Running Qwen3.6-35B-A3B Locally for Coding Agent: My Setup & Working Config

Component	Details
Machine	MacBook Pro (Mac14,6)
Chip	Apple M2 Max — 12-core CPU (8P + 4E)
Memory	64 GB unified memory
Storage	512 GB SSD
OS	macOS 15.7 (Sequoia)

Flag	Value	Why
`-hf`	`unsloth/...:UD-Q5_K_XL`	HuggingFace model repo with unsloth's custom UD quantization — good quality/size tradeoff (\~19 GB)
`-c 131072`	128K context	This model supports a massive context window — set it high for long documents or extended conversations
`-n 32768`	32K output tokens	Allows long single-turn generations without hitting the generation limit
`--no-context-shift`	Off	Prevents context shifting during generation — keeps long responses coherent
`--chat-template-kwargs`	`preserve_thinking: true`	Keeps the model's reasoning/thinking blocks intact in the output
`--batch-size 4096`	4096	Logical batch size — higher = faster prompt processing, needs more memory
`--ubatch-size 4096`	4096	Physical batch size — kept equal to logical batch for consistency

[-]

PermanentLiminality@reddit

I will be trying a very similar setup.
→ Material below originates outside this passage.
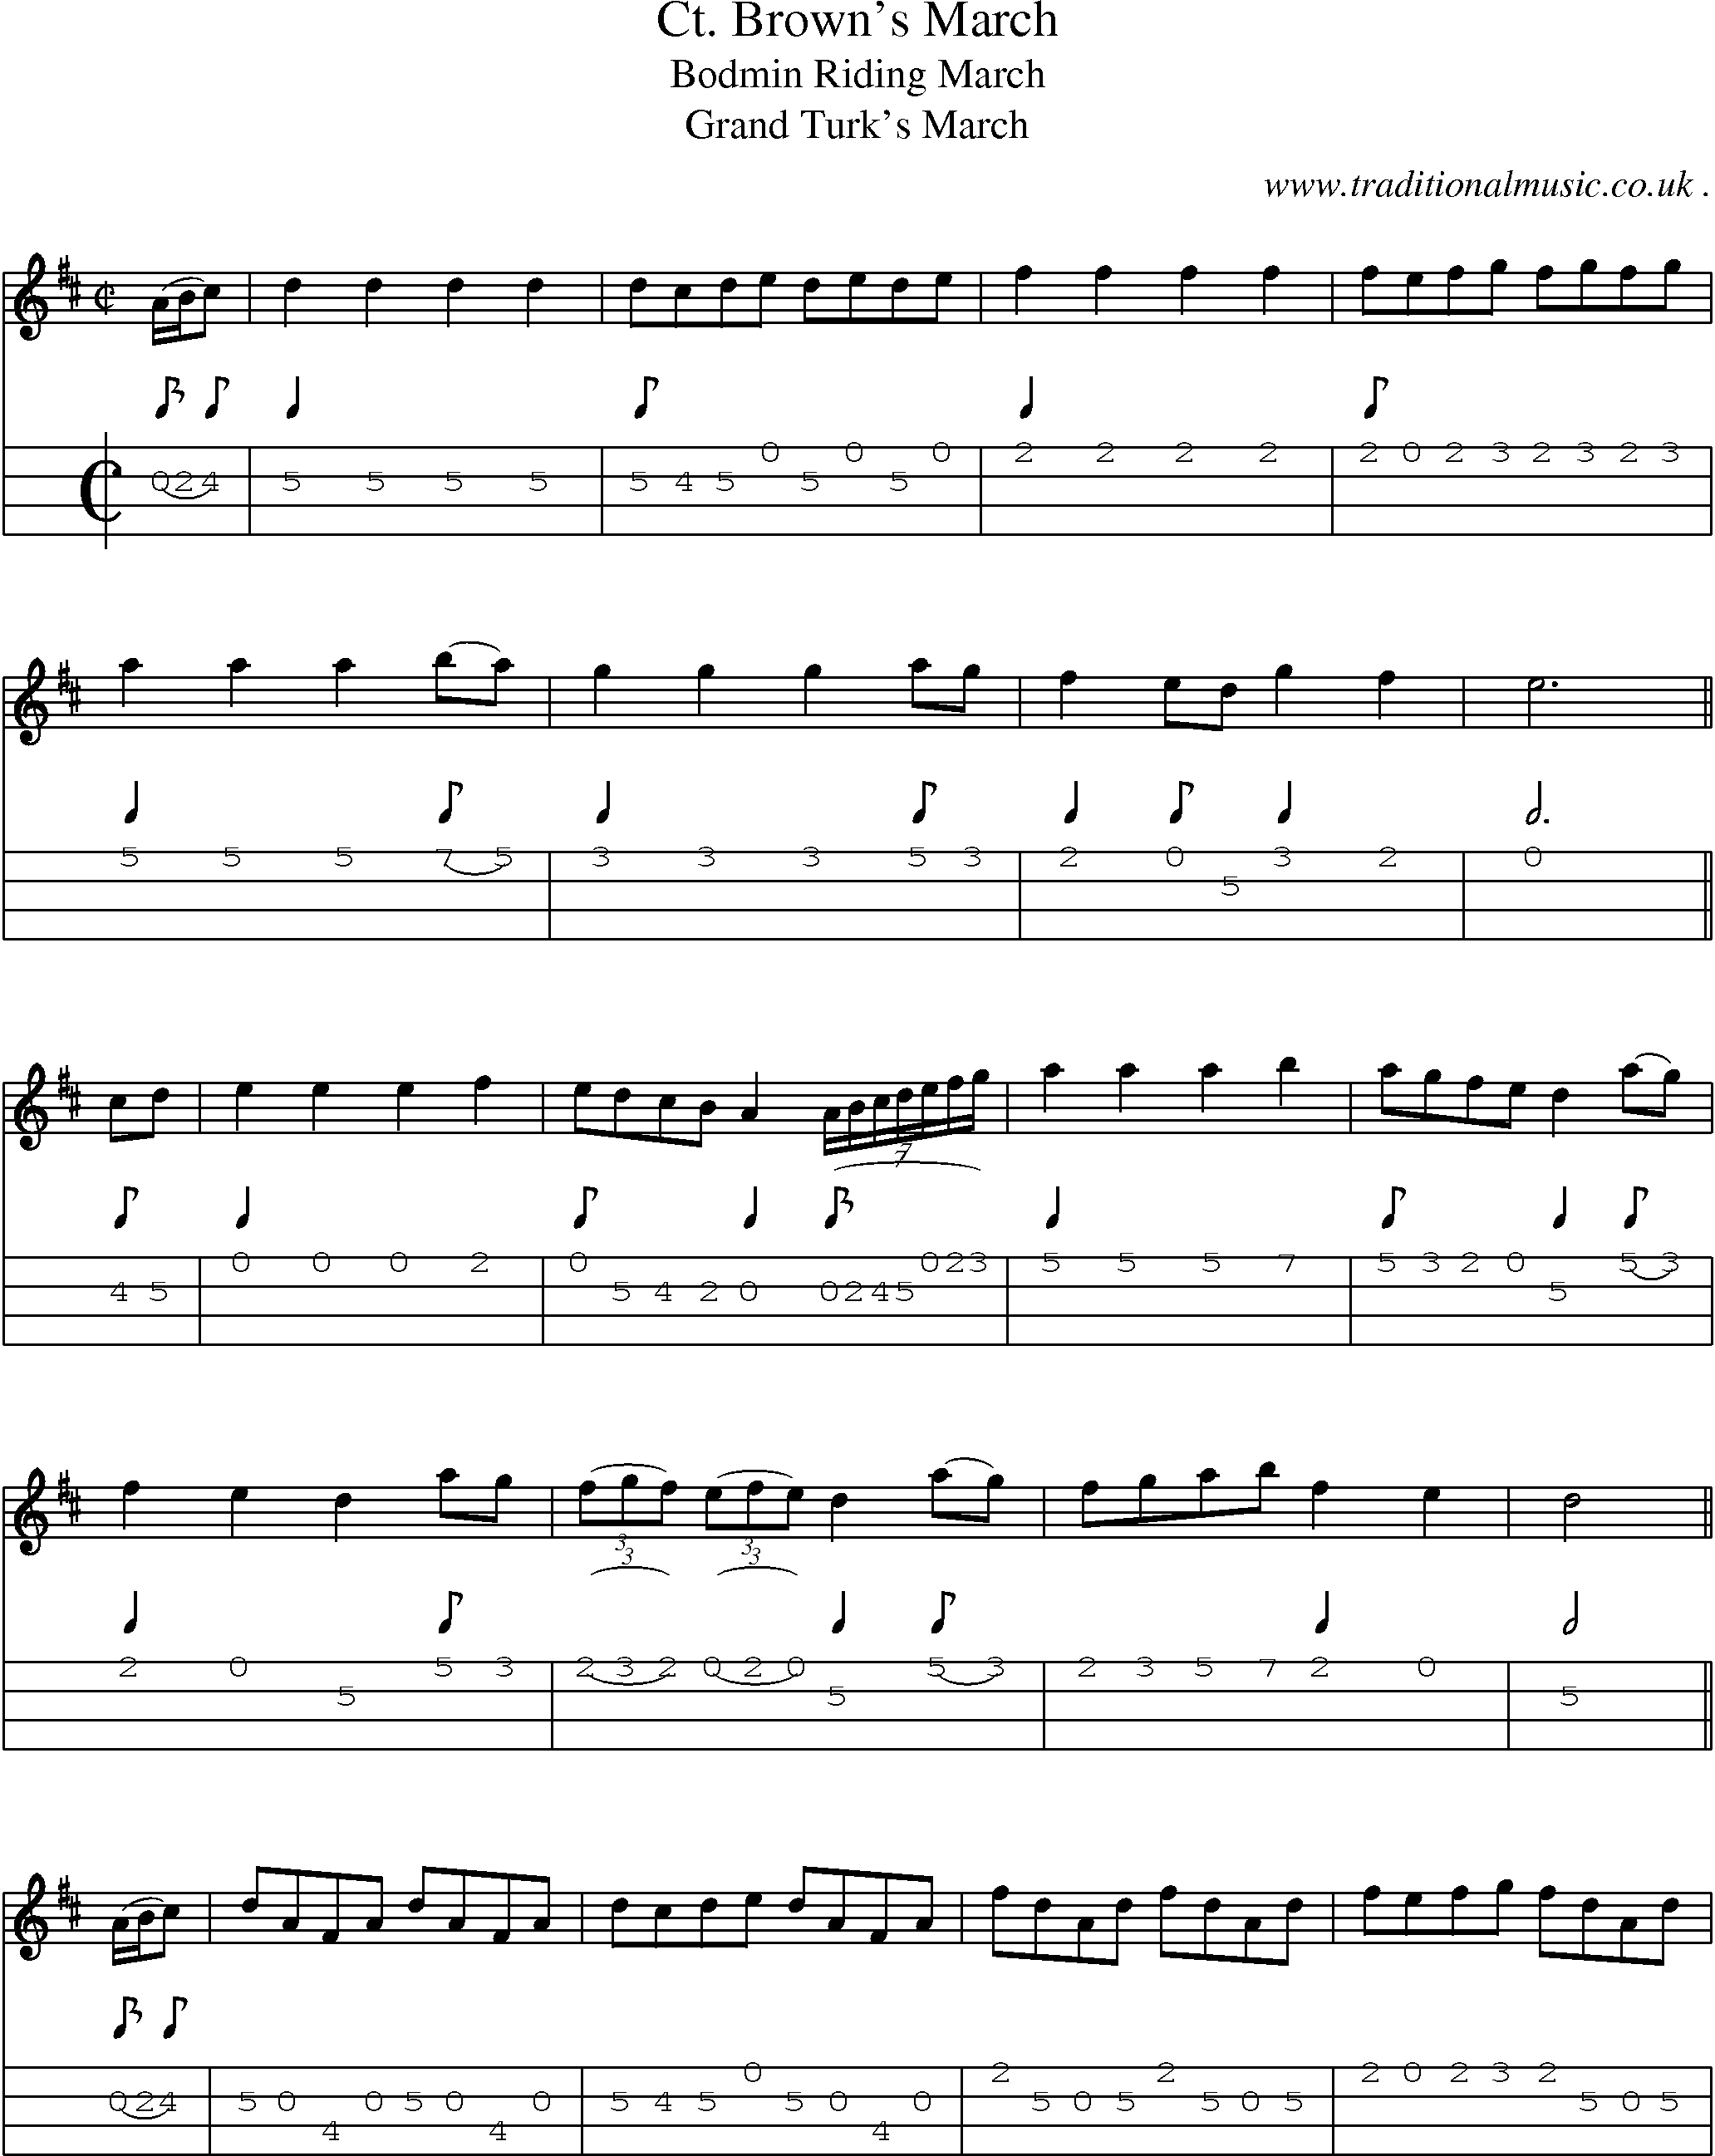 Sheet-Music and Mandolin Tabs for Ct Browns March

Same model and quant, but on a PC with 3x P40 GPUs.

I've been using Opencode for a while and I find that my context can exceed 100k so I've run using the full 262144 context in case I need it. Uses about 32gb of VRAM. Is Pi lighter?

[-]

NoConcert8847@reddit (OP)

Pi is probably much lighter. It can do most things that I can throw at it so far. I've not had a super positive experience with opencode

[-]

promobest247@reddit

yeah it's faster than any agent because it has small system prompt

[-]

FusionX@reddit

unsloth/...:UD-Q5_K_XL

good quality/size tradeoff (~19 GB)

Are we talking about the same quant? It's definitely nowhere near 19GB

[-]

BrewHog@reddit

Are you just showing your config? Or did you have any questions?
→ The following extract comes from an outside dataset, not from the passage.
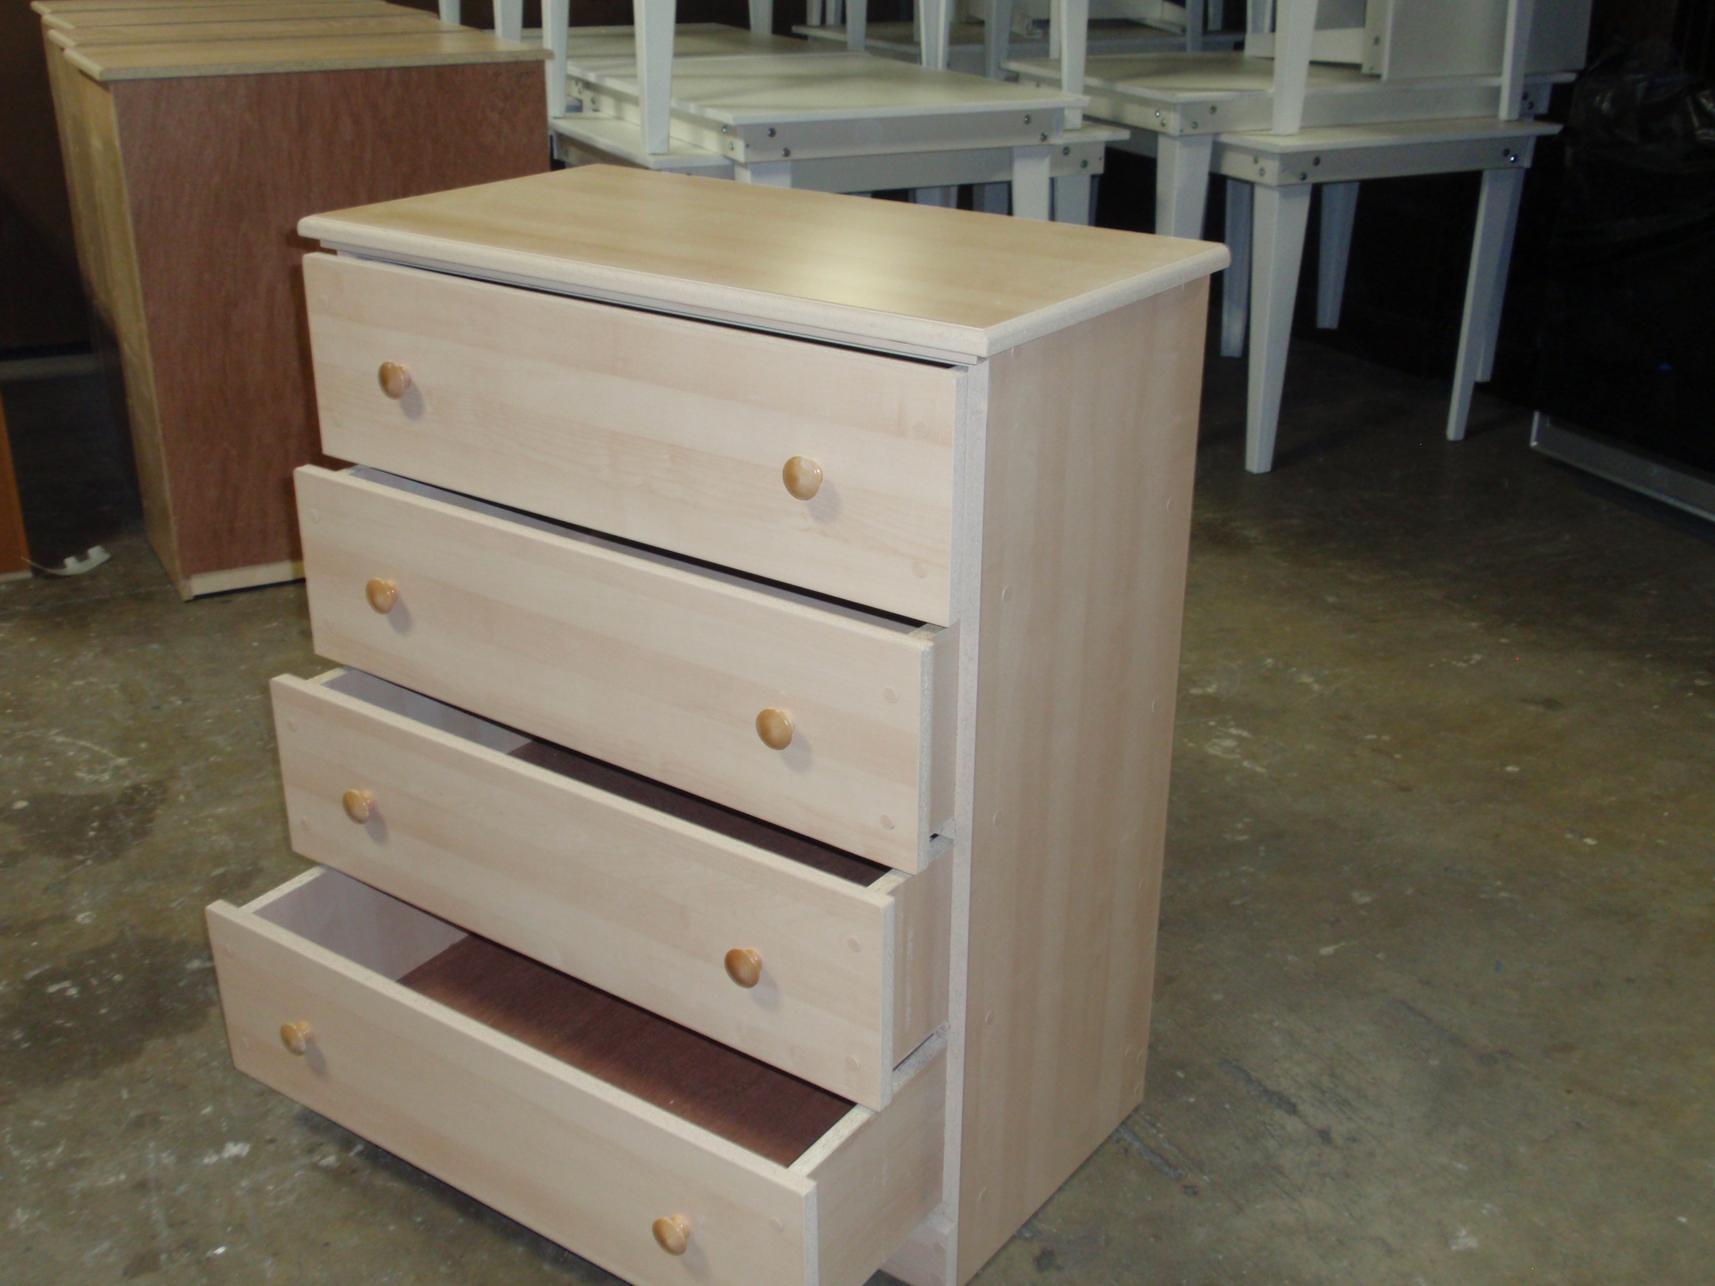 Dresser Building For Families In Need Woco

This looks like a great setup. What is your impression of this setup so far?

[-]

NoConcert8847@reddit (OP)

It's incredible. I was blown away by the fact that this is literally a model running on MY laptop that is performing so well - both in terms of intelligence and speed.

[-]

Ok_Blacksmith2405@reddit

Not better MLX version ? For KV cache TurboQuant to get big context window to not waste so many RAM?

[-]

Unsloth quants benchmark better. KV cache quantization made things much slower for me, which I think was because of having to enable flash attention. Not sure why that would be the case but I've not run into memory issues so far

[-]

OldPappy_@reddit

What sort of tokens/sec do you get with your setup?

[-]

NoConcert8847@reddit (OP)

~50 tok/s

[-]

kovrik@reddit

Want to know that too.

I have MacBook Pro M1 32GB and Qwen3.6 35B A3B is slow as hell for me. Gemma4 27B A4B is much faster. Not sure what I am doing wrong…

[-]

Fearless_Theory2323@reddit

I have the same setup, try that one: bartowski/Qwen_Qwen3.6-35B-A3B-GGUF:IQ4_XS

I'm getting 32t/s

[-]

2Norn@reddit

i so regret not buying 5090. i completely made my decision based on gaming and went with 5080 back then...

[-]

nicksterling@reddit

I’m happy to see pi getting more love. The extension system is incredible and being able to customize my harness is great. I added Claude Code plugin support via extensions so I’m not losing any compatibility. I’m surprised how well it works with models like Qwen 3.6 and Gemma 4

[-]

SnooPaintings8639@reddit

Is there an extension "marketplace" of some kind? Or do you yourself know how can I diable reasoning responses from chat history? They're ten times the size of the actual responses.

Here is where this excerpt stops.